During the daytime, the multicolored Queen Anne rowhouses centered around the 18th Street thoroughfare in Adams Morgan remind me of Europe. I choose my first DC apartment near this line of a few boutiques, indie record shops and bars in a cozy pocket perched above the center. All ages stroll past my vantage point on a Tryst cafe couch, where I refuel after exploring the forested trails lacing Rock Creek national park just across the Potomac River. But when weekend nights pack rambunctious crowds into live music locales like cheekily muraled Madams Organ before spilling into late night jumbo slice pizza joints, I feel eager to move on.

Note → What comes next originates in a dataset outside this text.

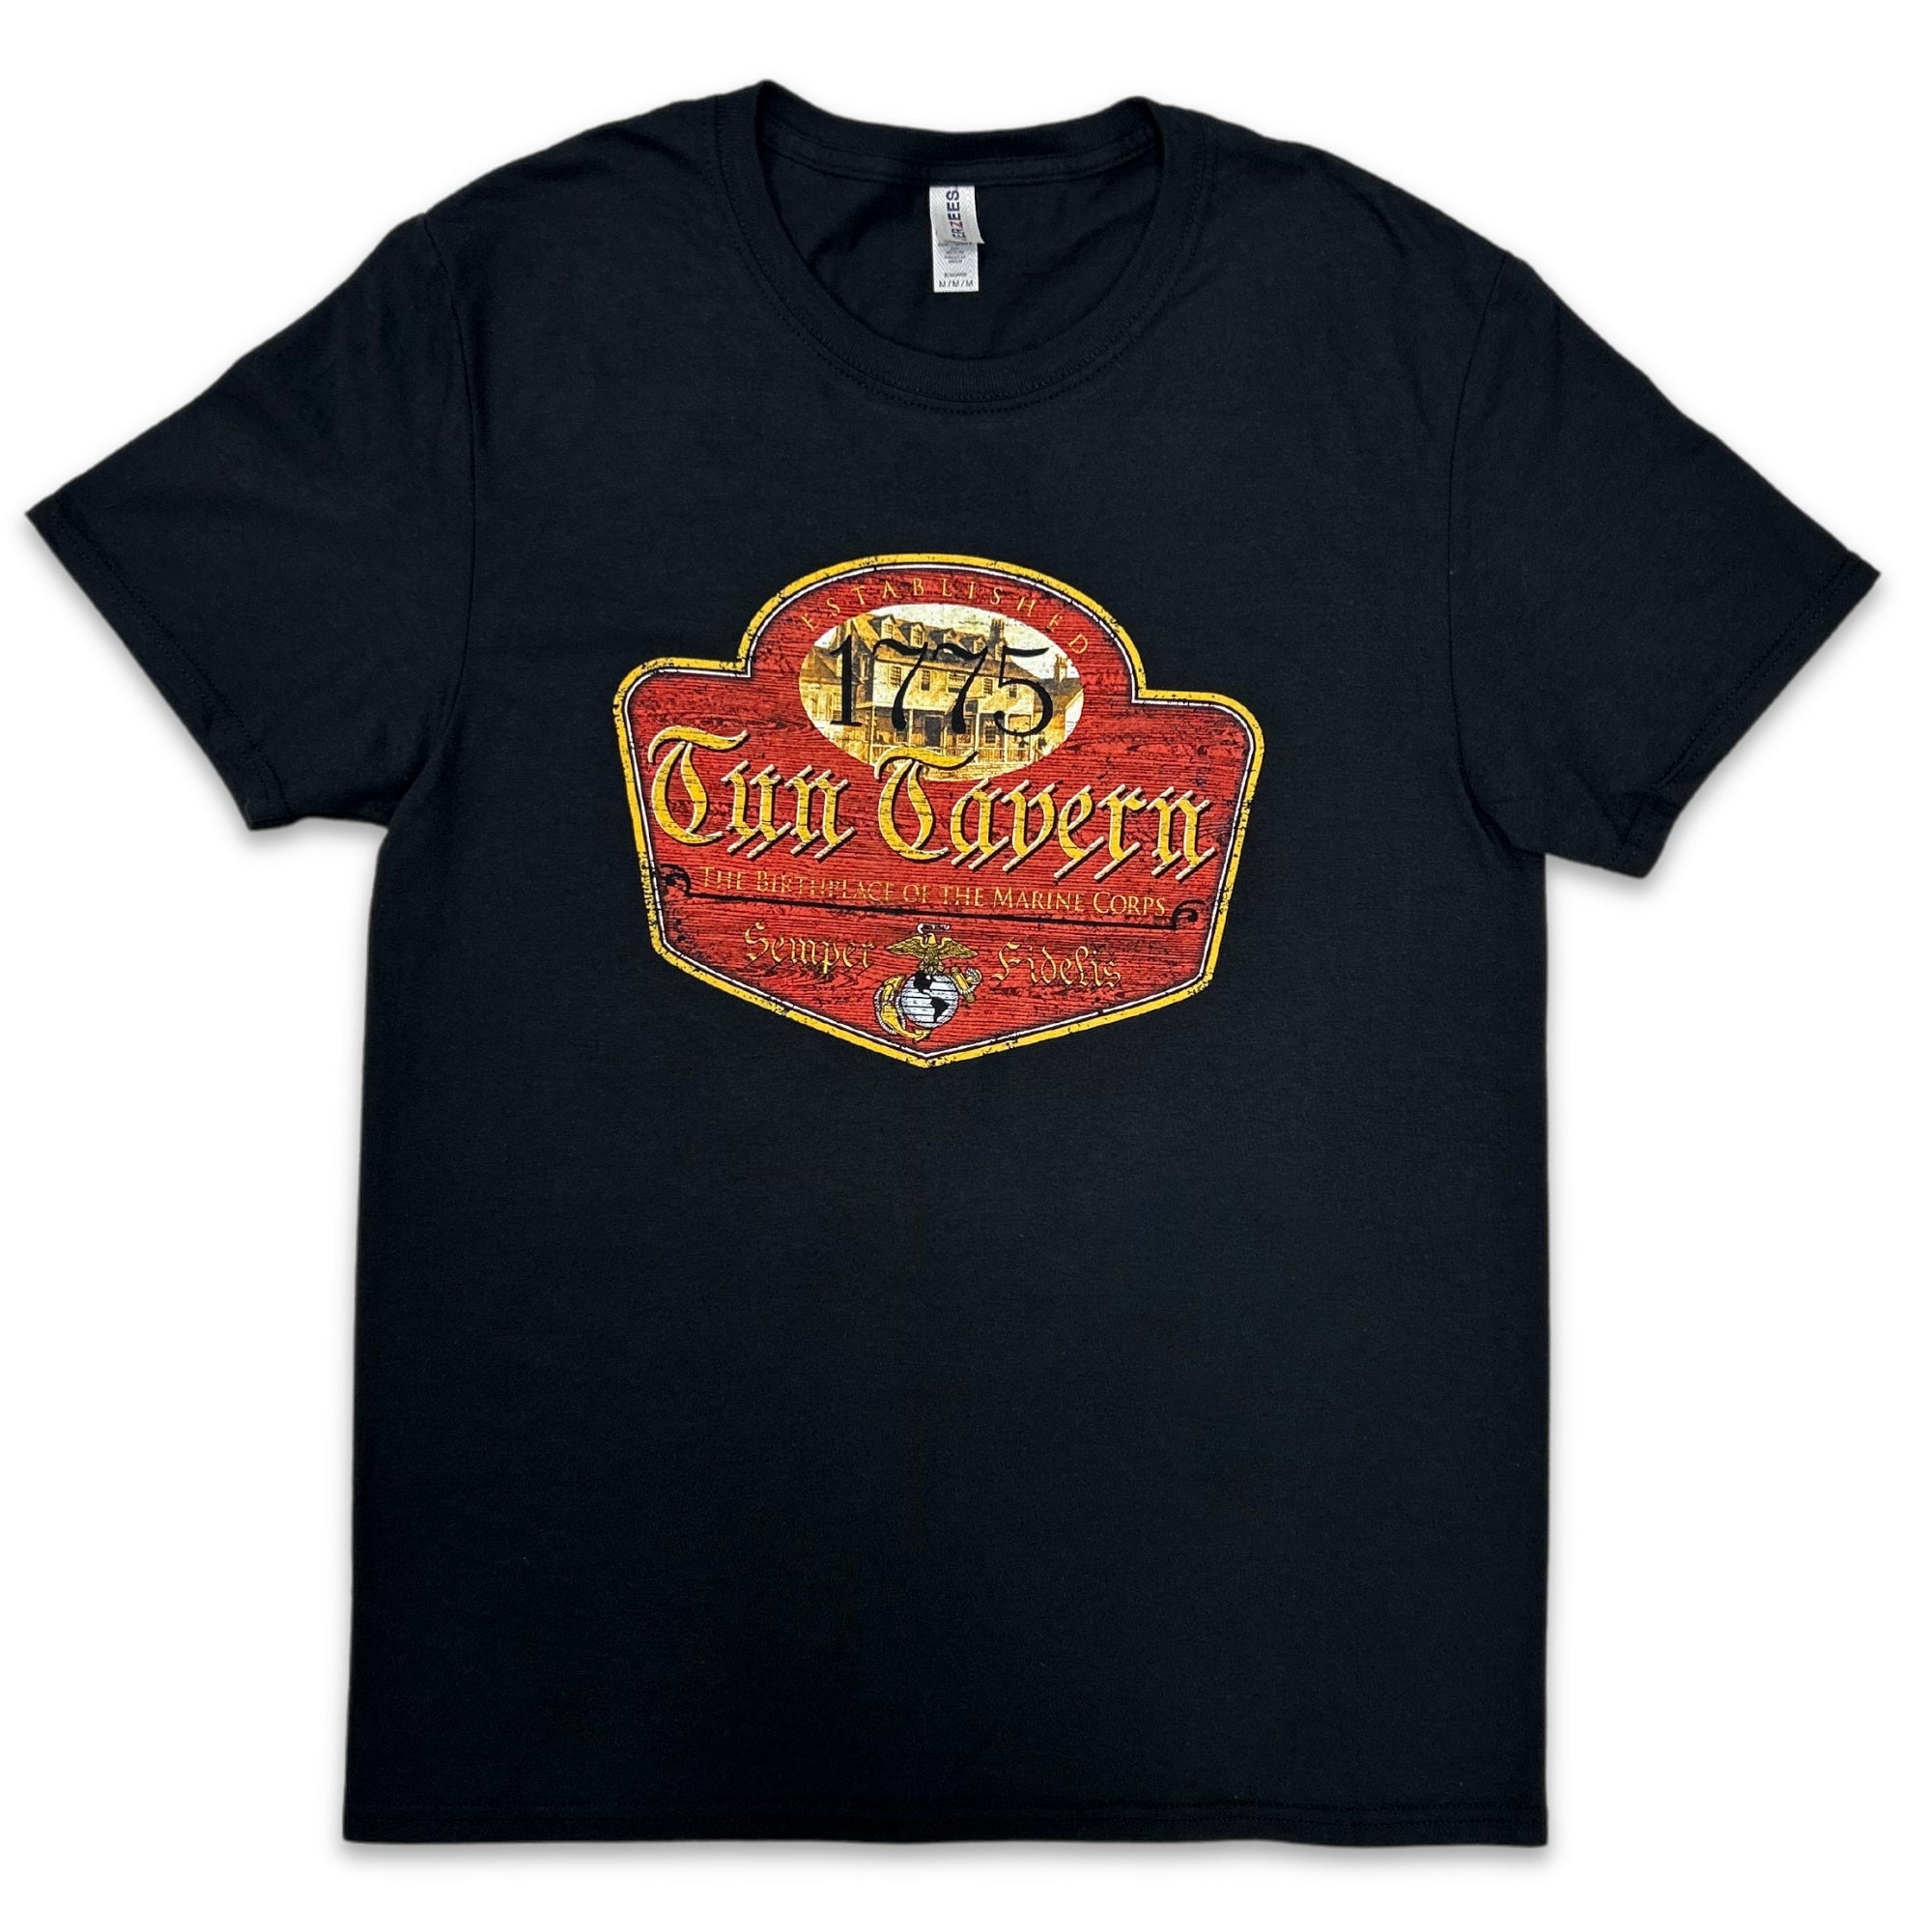 Tun Tavern T-Shirt (Black)

Two blocks east in Neoclassical Meridian Hill Park, I climb the steps against the flow of the cascading fountain for a new view of downtown dissected by the Washington Monument. Groups practice yoga or balance on slacklines near statues of Joan of Arc on horseback and James Buchanan, fifteenth president and only representative from Pennsylvania where I grew up. Other Washingtonians uncharacteristically let loose during the Sunday evening drum circle, a 50 year old tradition believed to follow the death of Malcolm X.
My own beat is found two blocks south, on U Street corridor stretching from Adams Morgan to where I now live in Shaw. The counter show of choreographed workers is worth the lines at Ben’s Chili Bowl, serving sloppy half smokes since 1959, even when the 1968 race riots rocked the street. Once called “Black Broadway” during its heydey when Jazz legends Louis Armstrong and Ella Fitzgerald performed at recently restored Howard Theatre, today the neighborhood is a multicultural mix. I scoop up Ethiopian platters with fresh injera bread at Zenebech Injera nodding to the largest community outside Addis Ababa, or sip housemade suds with hipsters at Right Proper Brewing Company.
Falling into step with scenesters walking south past design stores and curated thrift shops like Miss Pixie’s on intersecting 14th Street, this once seedy Red Light District is where I take out-of-town guests to show the city off. But alone, instead of competing for patio tables to taste tapas at Barcelona or french fare at Le Diplomate, I bask with a book on sunny days in Logan Circle.
Close but outside these 14th street crowds, I find my home near the unmarked Chicago-style Ivy and Coney and no frills All Souls Bar shaking cocktails to the jukebox. Cafes atypical to America take me back to life abroad, with new Compass Coffee roasting their own beans and hip La Colombe in an alleyway. Not yet revitalized like its neighbors and perhaps no place for politicos, Shaw seems to fit me just right.